Деньги у него, как мы уже знаем, были, и он невольно потянулся было рукой к нагрудному карману, где они лежали, но вовремя спохватился и отдернул с полдороги руку, как от горячего, и смутился, испугавшись, что грузин заметит и расшифрует его движение.
— Какие деньги?! Причем тут деньги?! Я с ума сойду, клянусь. Зачем обижаешь? Я тебя приглашаю посидеть скромно, очень скромно, несколько слов сказать о твоих родителях, о твоих друзьях, о службе. Я сам был солдатом, весной демобилизовался. — И он так открыто и дружелюбно улыбнулся, что даже немного понравился Ломазову.
— Я убью его, честное слово! — горячо повторял Ираклий, сжимая запястье Ломазову и заглядывая ему в глаза. — Скотина, честное слово, его вся станция ненавидит. — Ираклий разлил коньяк, поднял свою рюмку и, пристально глядя в глаза Ломазову, сказал: — Я хочу, чтоб мы выпили за любовь…
— За любовь, это можно! — согласился Ломазов, не заметив, что перебил Ираклия. Тот вежливо переждал и продолжал:
— За то, что она такая разная. За ее власть, потому что нет ничего сильнее любви. За ее радости и за ее печали, потому что и наслаждение и боль, которую она дает нам, — это настоящая жизнь, а все остальное — пиль.
— Что-что? — переспросил Ломазов.
— Пиль, грязь, которая под ногами лежит, — смущенно пояснил Ираклий.
— А, пыль, — кивнул Ломазов.
— Да-да, пиль, — повторил Ираклий.
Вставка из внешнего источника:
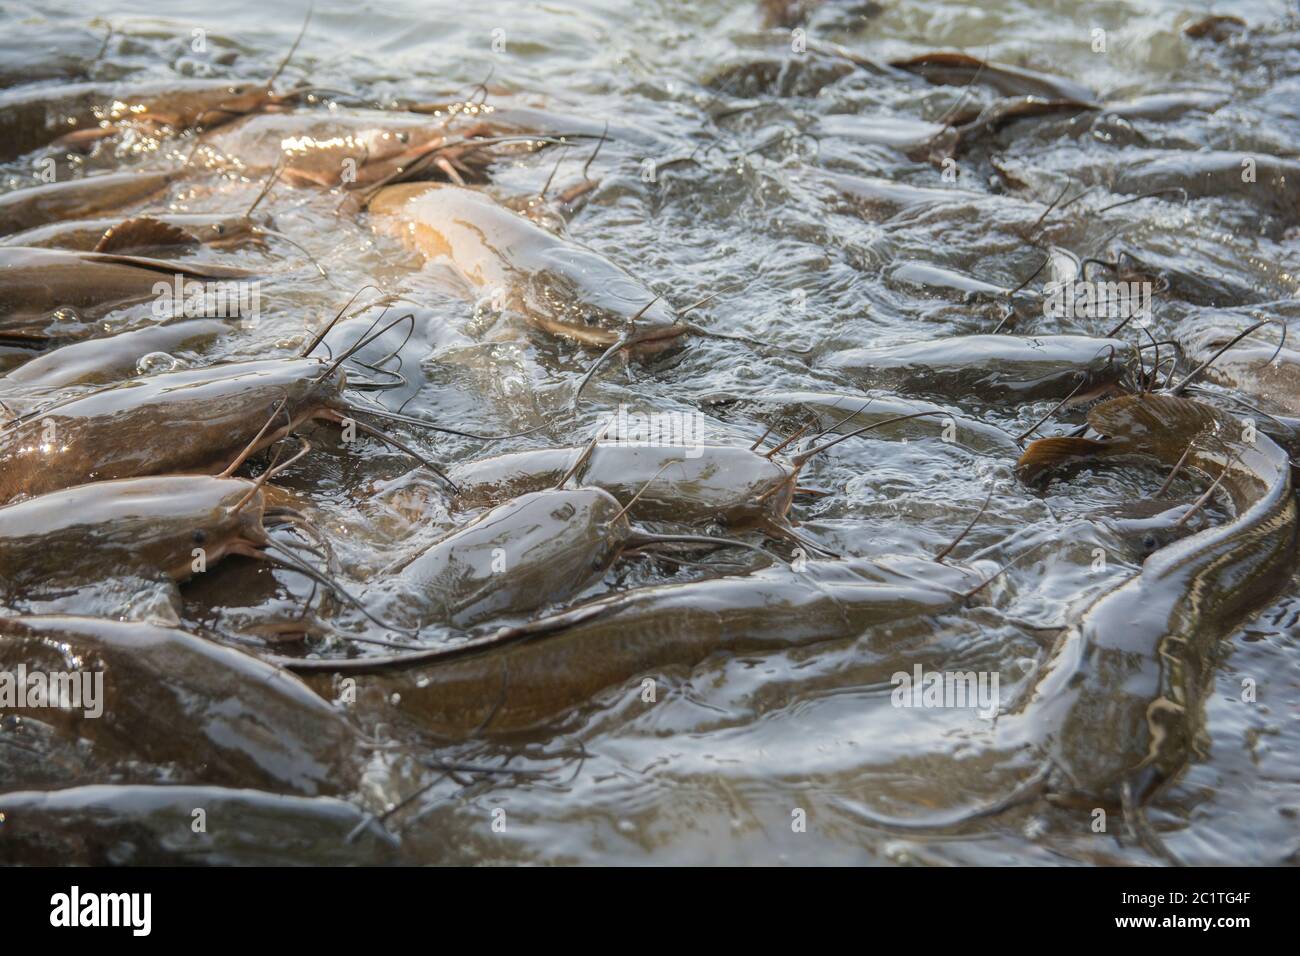 Group of African Sharptooth Catfish (Clarias gariepinus) Stock Photo
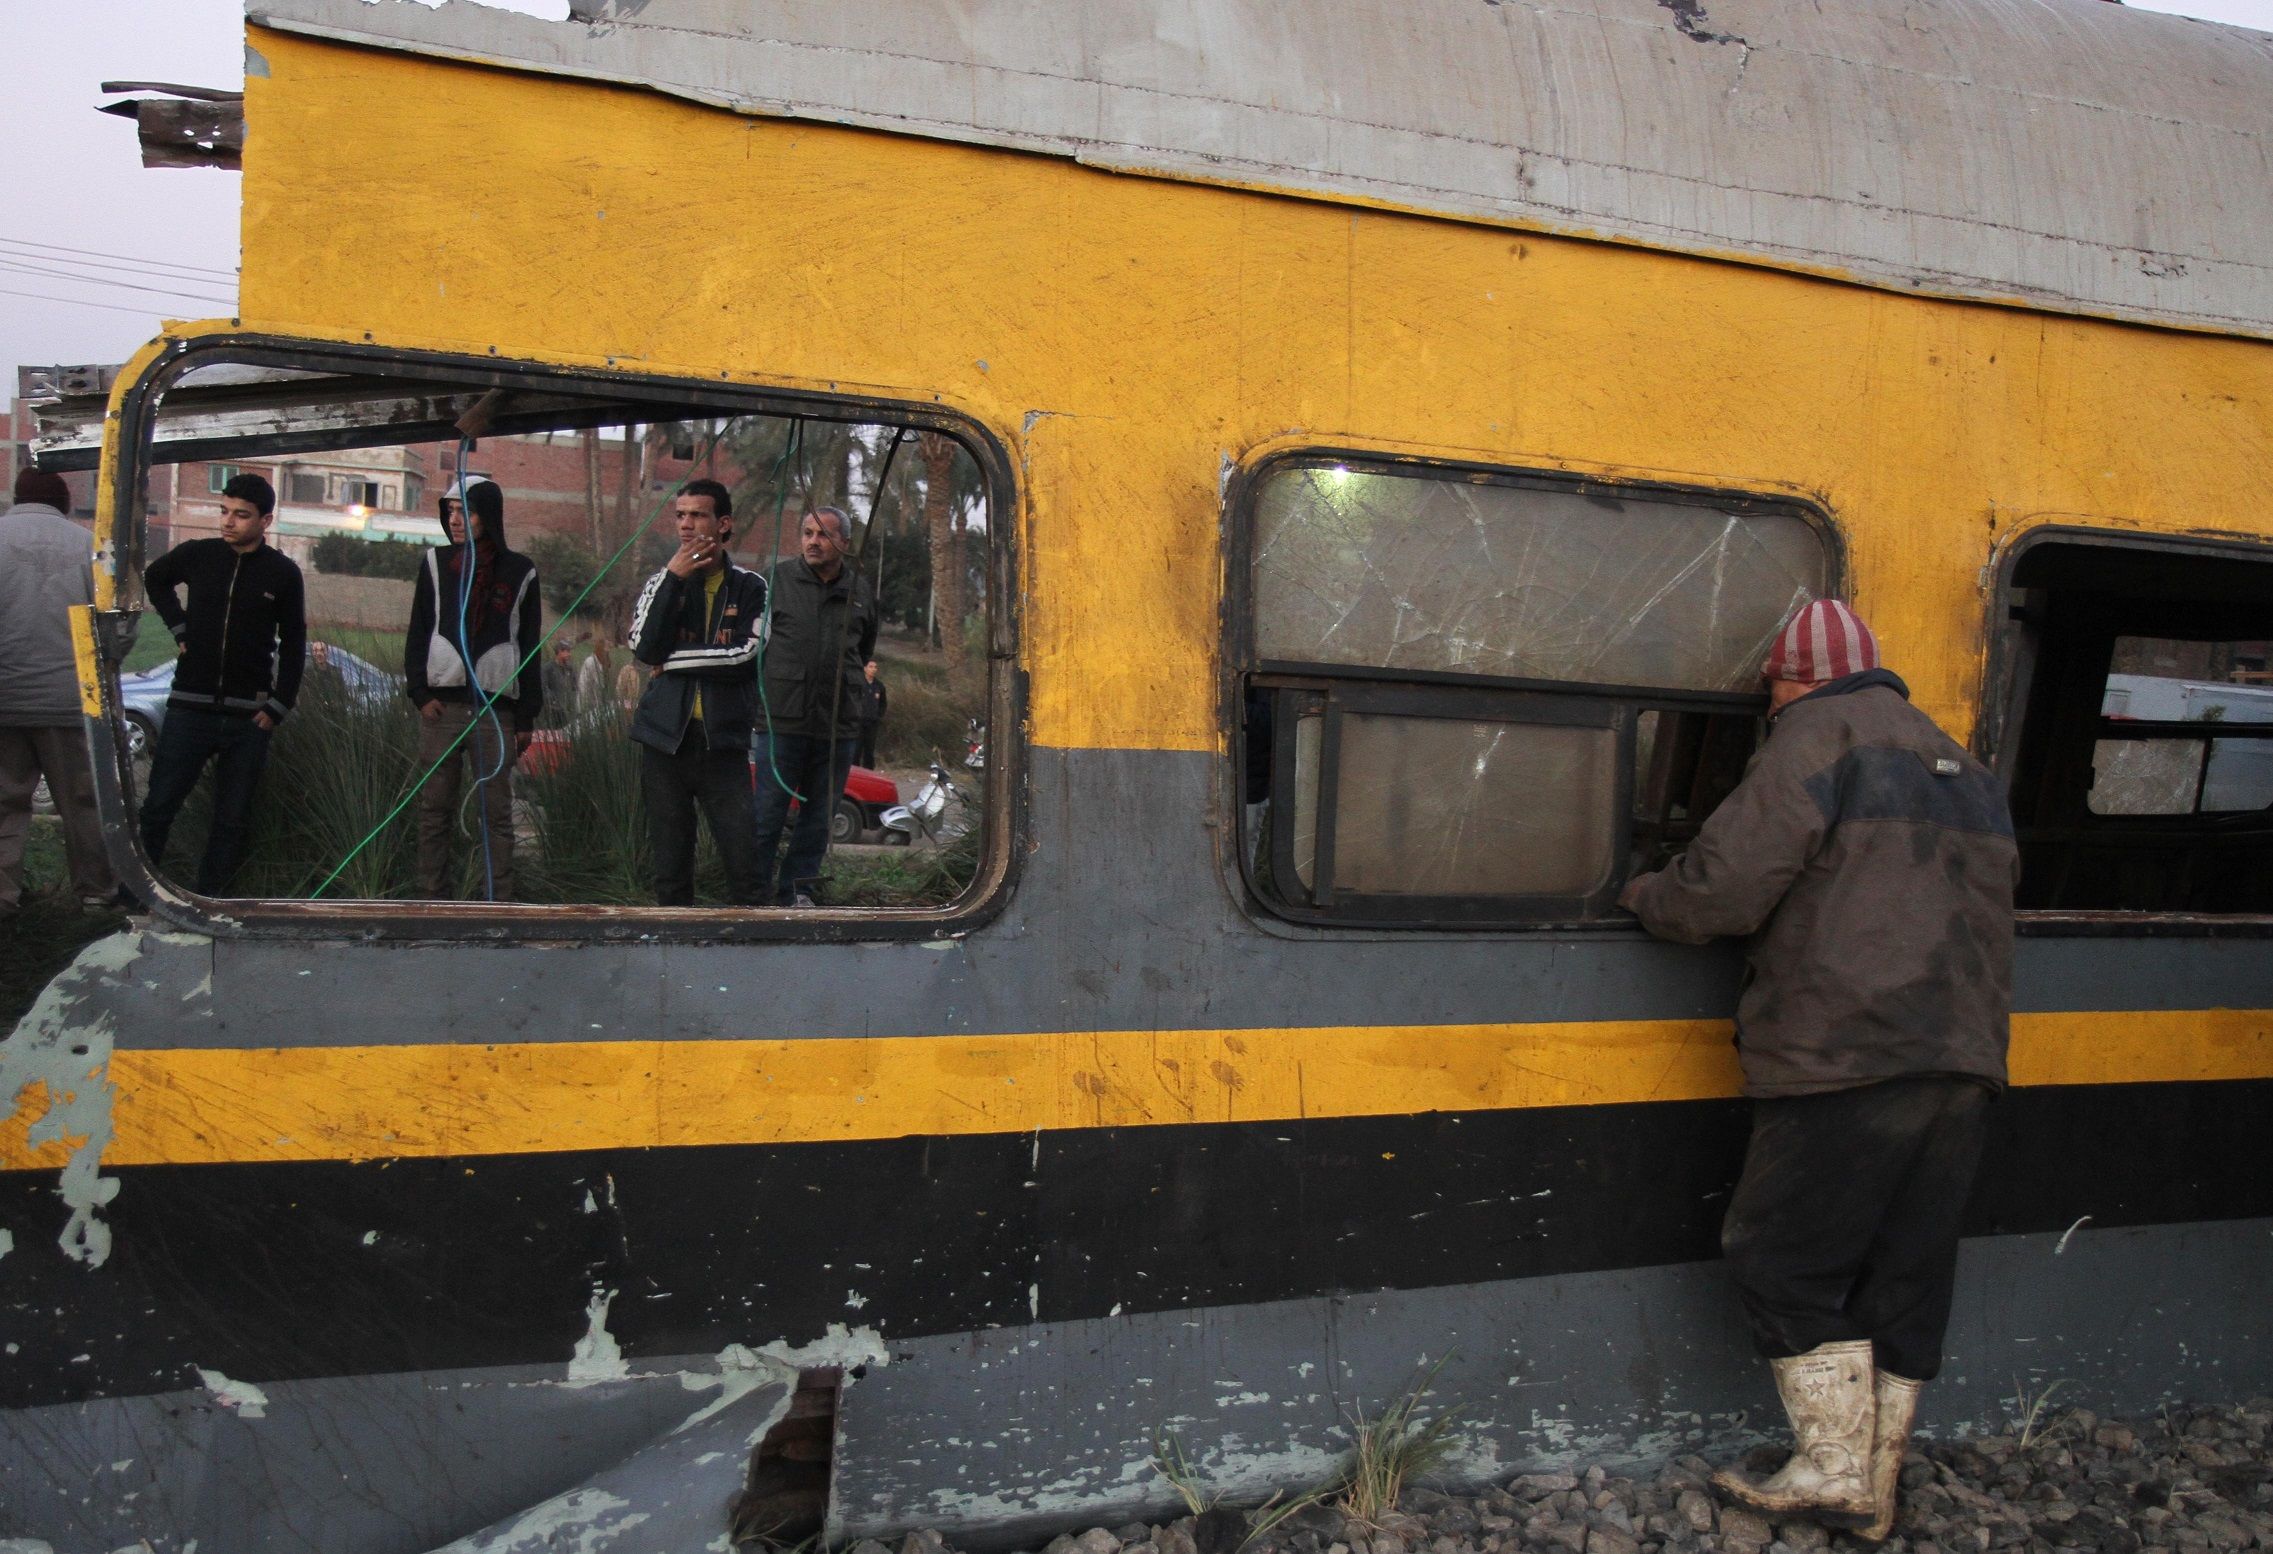 Train crash in Egypt's Alexandria kills 21, injures 55

Ломазов задержал рюмку на полдороге к губам, замер в таком нелепом положении и с обреченным видом поджидал конец витиеватого тоста. А грузин, казалось, специально тянул.
— Я совершенно уверен, — сурово сдвинув брови, говорил он, — что и животные могут любить. Собака любит своего хозяина и ненавидит врага. Враг хозяина — ее враг. Друг хозяина — ее друг. Я уверен, что если бы Норт был здесь с нами, он бы радовался, что мы собрались все вместе. Давай выпьем этот скромный бокал за великое чувство любви, которое объединяет все живое на этой земле!
Они выпили, Ломазов, который в силу своего возраста и роста был постоянно голоден, принялся азартно закусывать, а Ираклий, пожевывая ломтик лимона, с удовольствием (хоть и не явно) за ним наблюдал и тактично подкладывал то гурийской капусты, то сациви из фарфоровой вазы на ножке, то лобио. Ломазов только кивал в знак благодарности.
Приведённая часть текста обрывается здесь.